最终输出结果如下，可以看到训练集正确率达到了 99%，验证集正确率达到了 85%，测试集正确率达到了 84%，比起上面的 LeNet 模型改进了很多吧🤗。

training accuracy: 0.9972708333333337
validating accuracy: 0.8373333333333337
stop training because highest validating accuracy not updated in 20 epoches
highest validating accuracy: 0.8521666666666667 from epoch 38
testing accuracy: 0.8464999999999996

随便在网上找的猫狗图片：

输出结果如下，不错吧：

Image path: BlogArchive/ml-08/cat.jpg
cat: 100.00%
dog: 0.00%
frog: 0.00%
deer: 0.00%
horse: 0.00%

Image path: BlogArchive/ml-08/dog.jpg
dog: 100.00%
bird: 0.00%
deer: 0.00%
frog: 0.00%
horse: 0.00%

pytorch 有专门用于处理视觉信息的 torchvision，其中包含了 ResNet 的实现，也就是说其实我们不用自己去写🤒，如果你有兴趣可以参考里面的实现代码，再试试 ResNet-50 等层数更多的模型是否可以带来更好的效果。

AI 鉴黄

相信很多人都看过 AI 鉴黄的新闻🥴🤭🥺，如果你想自己实现一个，可以从 nsfw_data_scraper 下载图片资源然后使用上面介绍的方法训练，识别起来会比 cifar 简单很多。因为实际只需要两个标签（1 黄色图片，0 正常图片），所以也可以使用单个值代表结果，然后用 sigmoid 代替 softmax。此外你也可以在 github 上搜索 nsfw 找到现成的模型。

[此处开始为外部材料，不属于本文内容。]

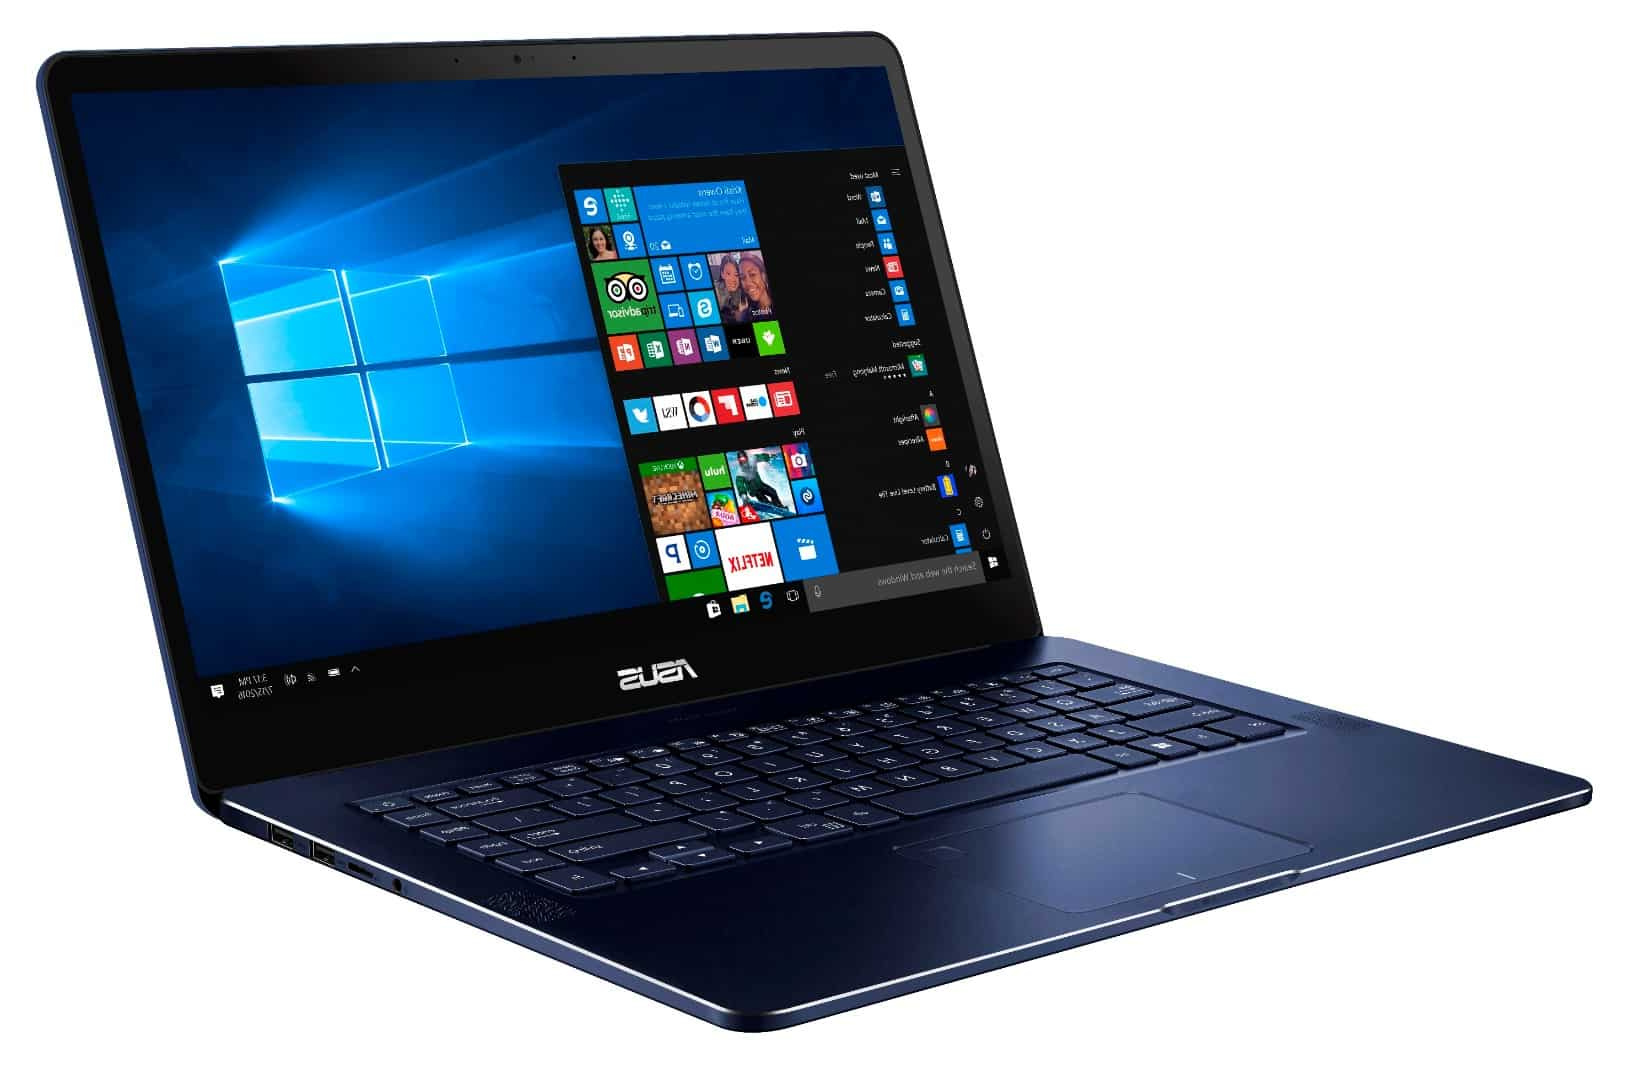 asus announces redesigned zenbook pro with nvidia gtx 1050 graphics and more

使用 CNN 实现验证码识别 (ResNet-18)

最后再给出一个实用的例子。很多网站为了防机器人操作会使用验证码机制，传统的验证码会显示一张包含数字字母的图片，然后让用户填写里面的内容再对比是否正确，来判断用户是普通人还是机器人，这样的验证码可以用本篇介绍的 CNN 模型识别出来😈。

首先我们来选一个生成验证码的类库，github 上搜索 captcha c# 里面难度相对比较高的是 Hei.Captcha，这篇就使用 CNN 模型识别这个类库生成的验证码。(我的 zkweb 里面也有生成验证码的模块，但难度比较低所以就不用了)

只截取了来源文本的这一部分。